Hand Optimized Simplex 2D

Results of messing around with moving and hoisting stuff around.

– Created: July 10, 2023 UTC

– Edited: January 24, 2025 UTC

– Tags: Programming, GLSL, OpenGL, Optimization

Based on webgl-noise repository, which is based on this paper.

Things tried:

Rearranging operations to reduce register pressure.
Calculating things as soon as possible.
Hand inlining.

Results

For testing screen space 1024x1024 texture is generated, resulting in 1048576 fragment invocations, with 4 octave fractal brownian motion.

Hardware: Mobile Intel® GM45 Express Chipset

Driver: DRI Mesa 21.2.6

Original:

Benchmark Iterations    Min(ns)    Max(ns)   Variance   Mean(ns)
----------------------------------------------------------------
full(0)          100  124848395  510494575 1473830605484805  129237053

Hand optimized:

Benchmark Iterations    Min(ns)    Max(ns)   Variance   Mean(ns)
----------------------------------------------------------------
full(0)          100  119354512  731397135 3705581696928414  125714847

Mean difference is 3ms 522µs 206ns (-2.7%), min difference is 5ms 493µs 883ns (-4.4%)

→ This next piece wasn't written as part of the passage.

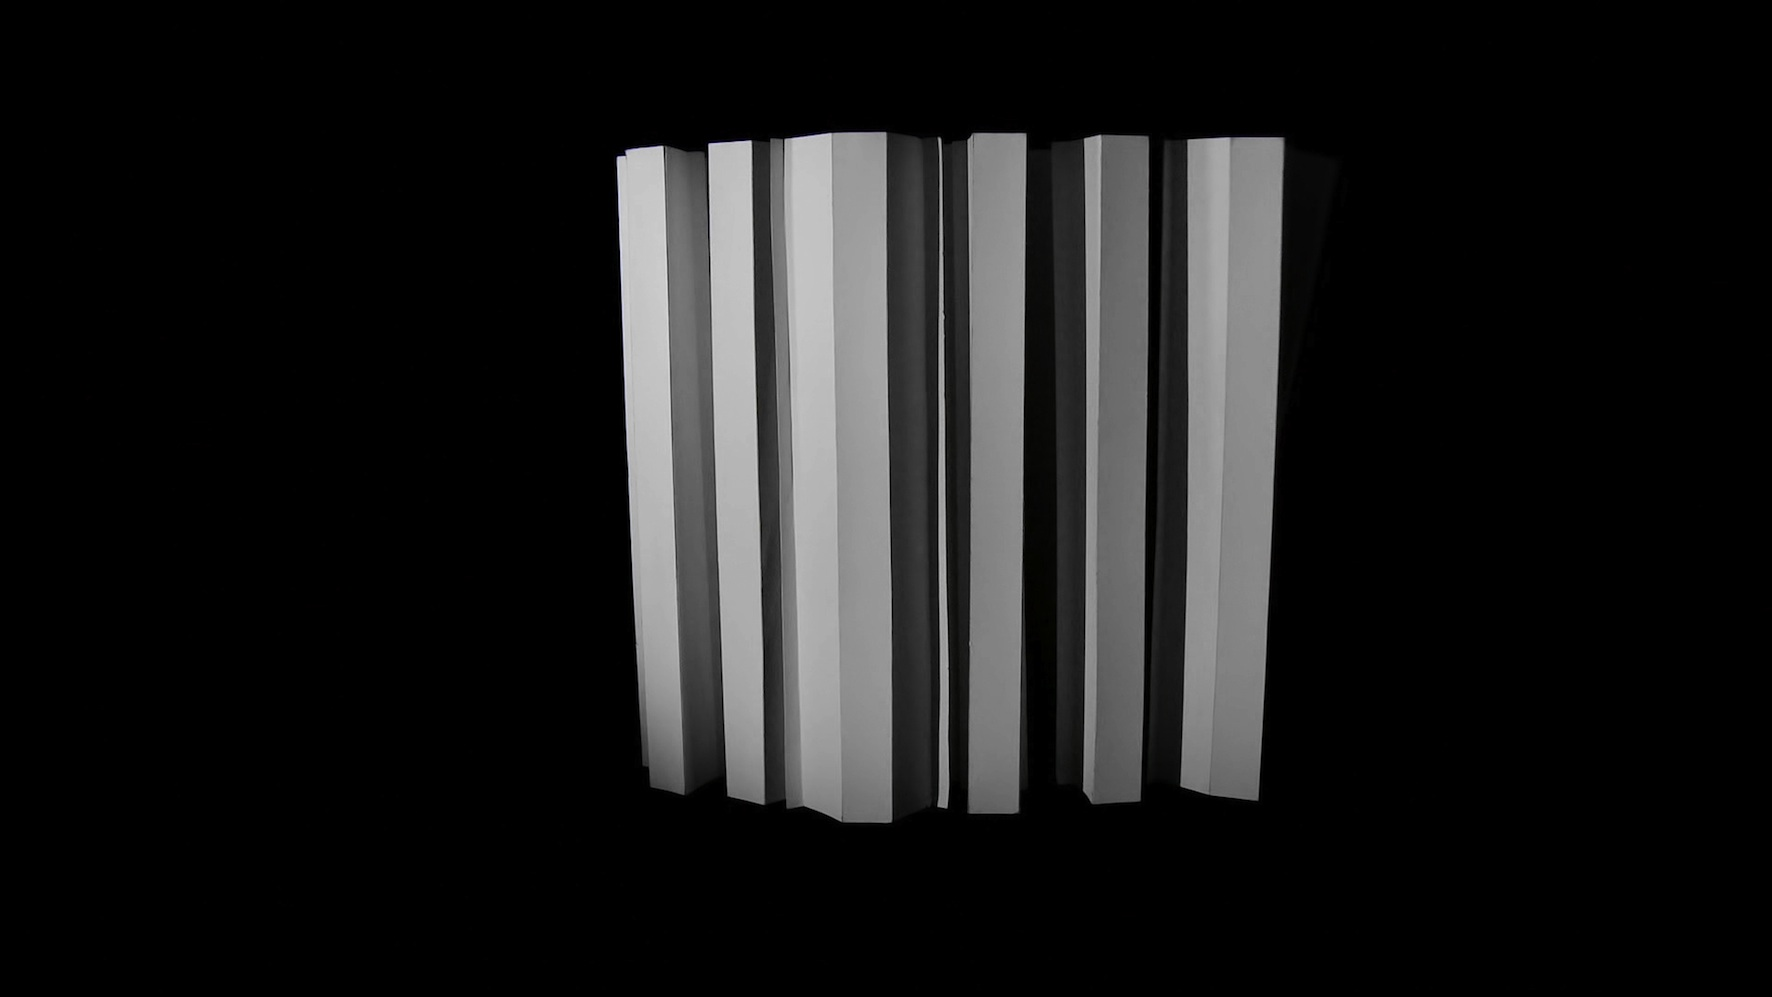 Sculpture Sequence, 2012

This suggests that given driver is suboptimal in its optimizing capabilities, and I imagine there might be GLSL compilers a lot worse than this.

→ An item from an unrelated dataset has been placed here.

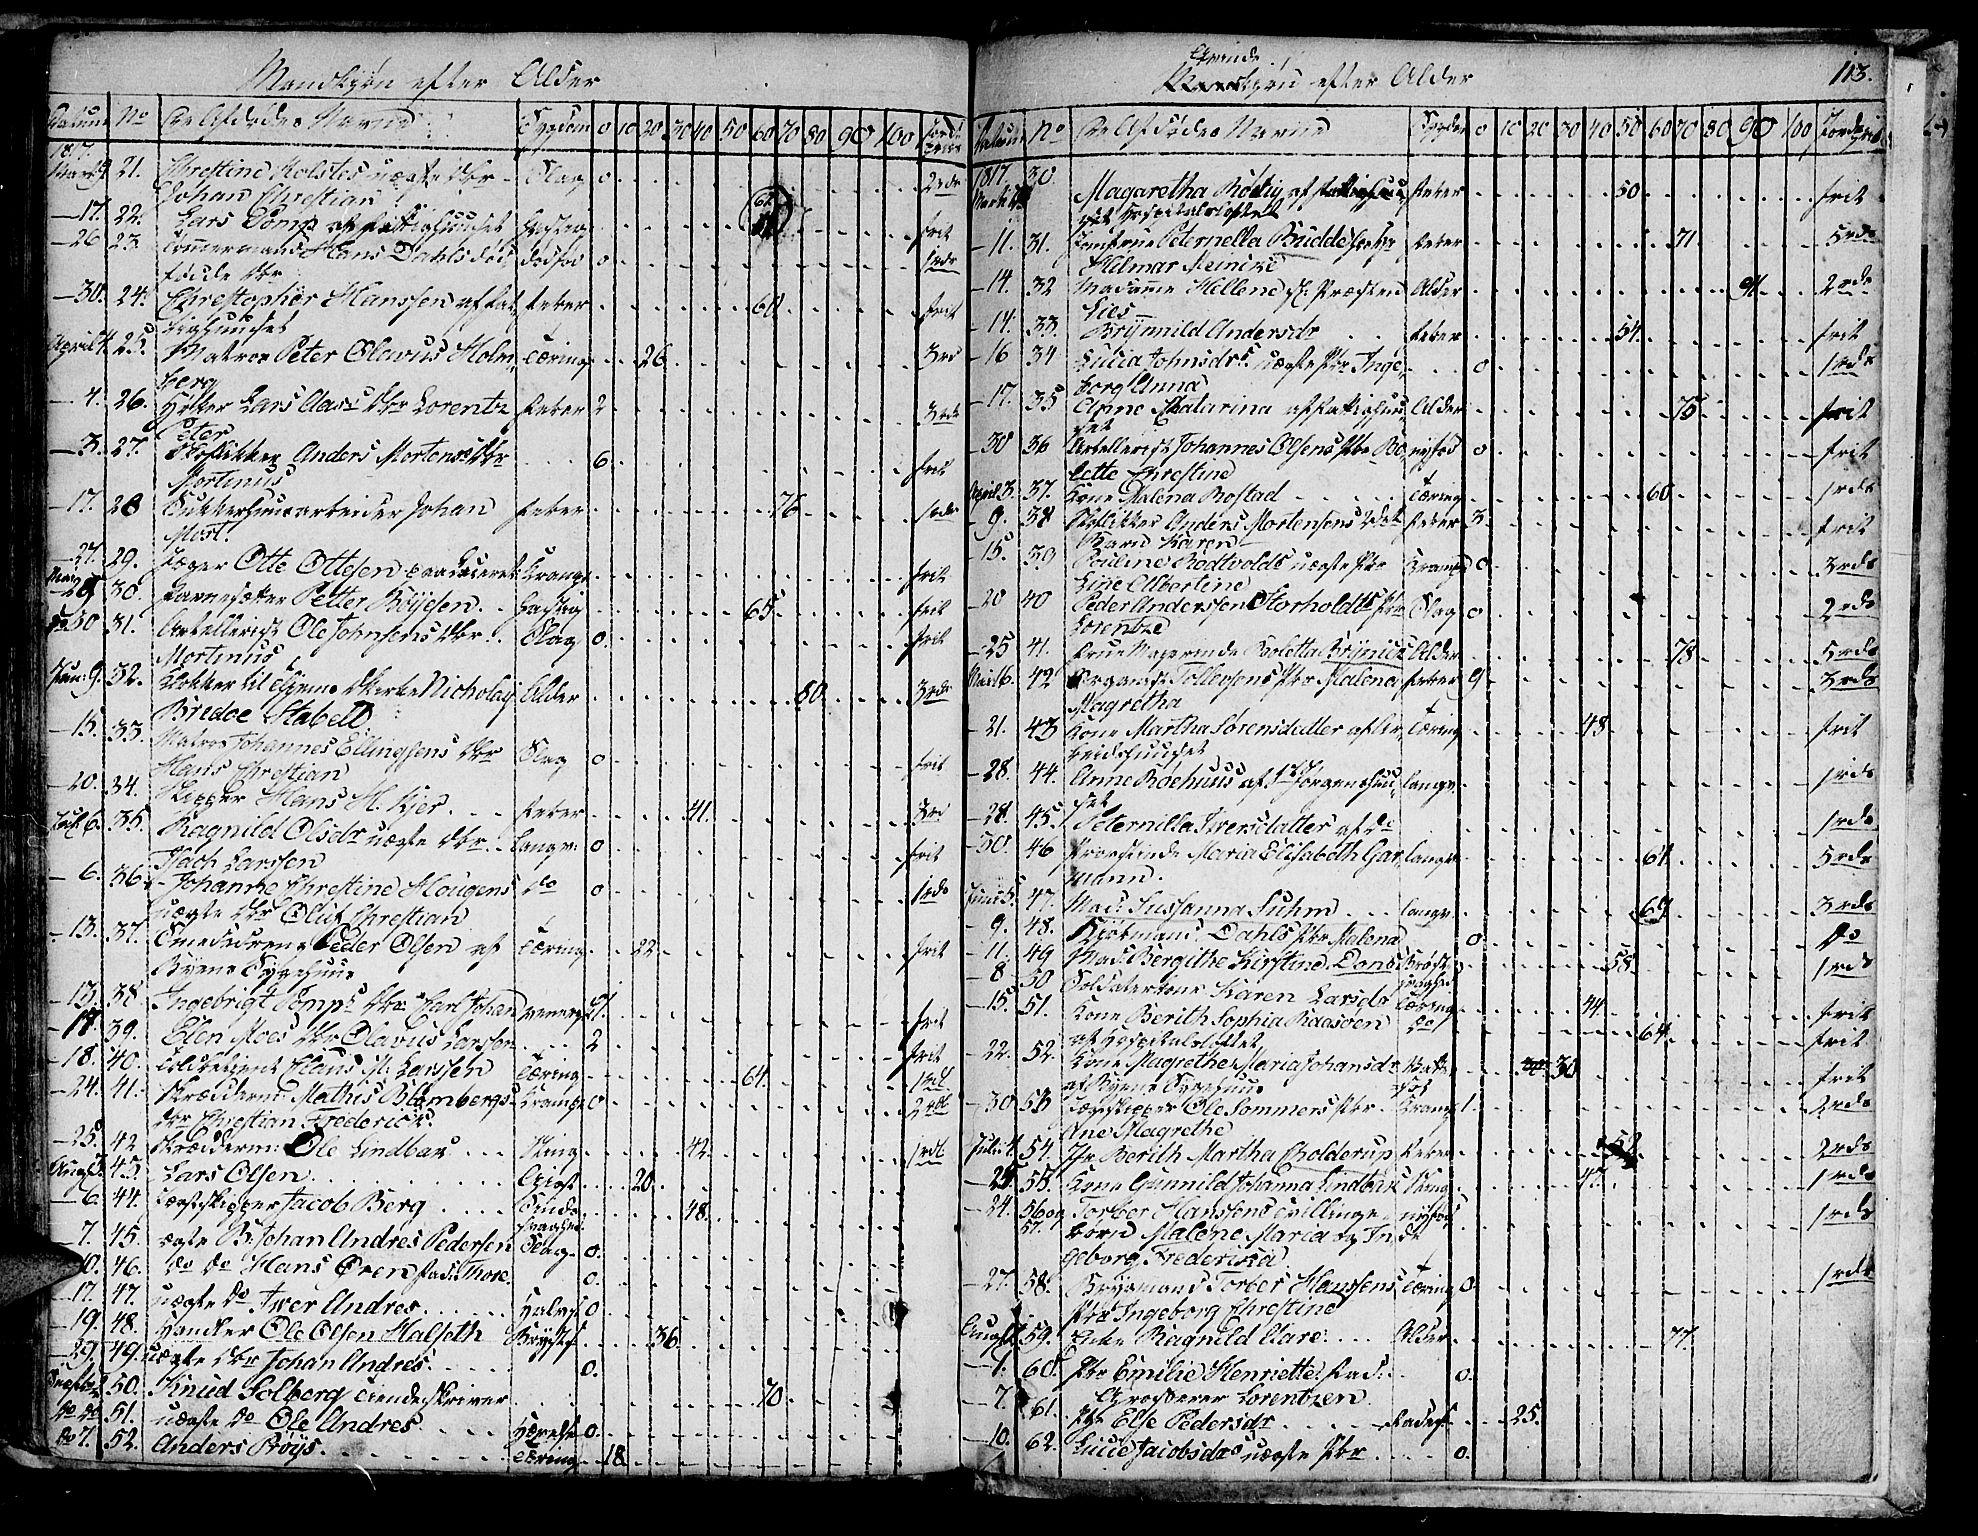 SAT, Ministerialprotokoller, klokkerbøker og fødselsregistre - Sør-Trøndelag, 601/L0040: Ministerialbok nr. 601A08, 1783-1818, s. 113

Some intermediate shader representation comes to mind as a mean for automatic GLSL source level, profile guided and other optimizations; as well as polyfilling to different extensions, profiles and APIs. But welp.

Source

#version 120

//      Author : Ian McEwan, Ashima Arts.
//  Maintainer : stegu
//     Lastmod : 20110822 (ijm)
//     License : Copyright (C) 2011 Ashima Arts. All rights reserved.
//               Distributed under the MIT License. See LICENSE file.
//               https://github.com/ashima/webgl-noise
//               https://github.com/stegu/webgl-noise
// 

#define MOD289(p_x) ((p_x) - floor((p_x) * (1.0 / 289.0)) * 289.0)
#define PERMUTE(p_result, p_x) { vec3 _temp = (((p_x) * 34.0) + 10.0) * (p_x); p_result = MOD289(_temp); }

float simplex_noise_2d(in vec2 v) {
  const vec4 C = vec4(0.211324865405187,  // (3.0-sqrt(3.0))/6.0
                      0.366025403784439,  // 0.5*(sqrt(3.0)-1.0)
                     -0.577350269189626,  // -1.0 + 2.0 * C.x
                      0.024390243902439); // 1.0 / 41.0
  // First corner
  vec2 i  = floor(v + dot(v, C.yy));
  vec2 x0 = v -   i + dot(i, C.xx);
  i = MOD289(i); // Avoid truncation effects in permutation

  // i1.x = step( x0.y, x0.x ); // x0.x > x0.y ? 1.0 : 0.0
  // i1.y = 1.0 - i1.x;
  vec2 i1 = (x0.x > x0.y) ? vec2(1.0, 0.0) : vec2(0.0, 1.0);

  // Other corners
  // x0 = x0 - 0.0 + 0.0 * C.xx ;
  // x1 = x0 - i1 + 1.0 * C.xx ;
  // x2 = x0 - 1.0 + 2.0 * C.xx ;
  vec4 x12 = x0.xyxy + C.xxzz - vec4(i1.xy, 0.0, 0.0);

  // Permutations
  vec3 pp;
  vec3 p = i.y + vec3(0.0, i1.y, 1.0);
  PERMUTE(pp, p);
  pp += i.x + vec3(0.0, i1.x, 1.0);
  PERMUTE(p, pp);
  p = fract(p * C.www);

  vec3 m = max(0.5 - vec3(dot(x0, x0), dot(x12.xy, x12.xy), dot(x12.zw, x12.zw)), 0.0);

  // Gradients: 41 points uniformly over a line, mapped onto a diamond.
  // The ring size 17*17 = 289 is close to a multiple of 41 (41*7 = 287)
  vec3 x = 2.0 * p - 1.0;
  vec3 a0 = x - floor(x + 0.5);
  vec3 h = abs(x) - 0.5;

  m = m * m;
  m = m * m;

  // Normalise gradients implicitly by scaling m
  // Approximation of: m *= inversesqrt( a0*a0 + h*h );
  m *= 1.79284291400159 - 0.85373472095314 * (a0 * a0 + h * h);

  // Compute final noise value at P
  return 130.0 * dot(m, vec3(a0.x * x0.x + h.x * x0.y, a0.yz * x12.xz + h.yz * x12.yw));
}

Possibilities

NVidia’s TEGRA guide states that uniform access is often better than constants. On our hardware it only degrades performance, but there’s possibility of other chipsets having similar to TEGRA’s preferences. C constant is legible for this.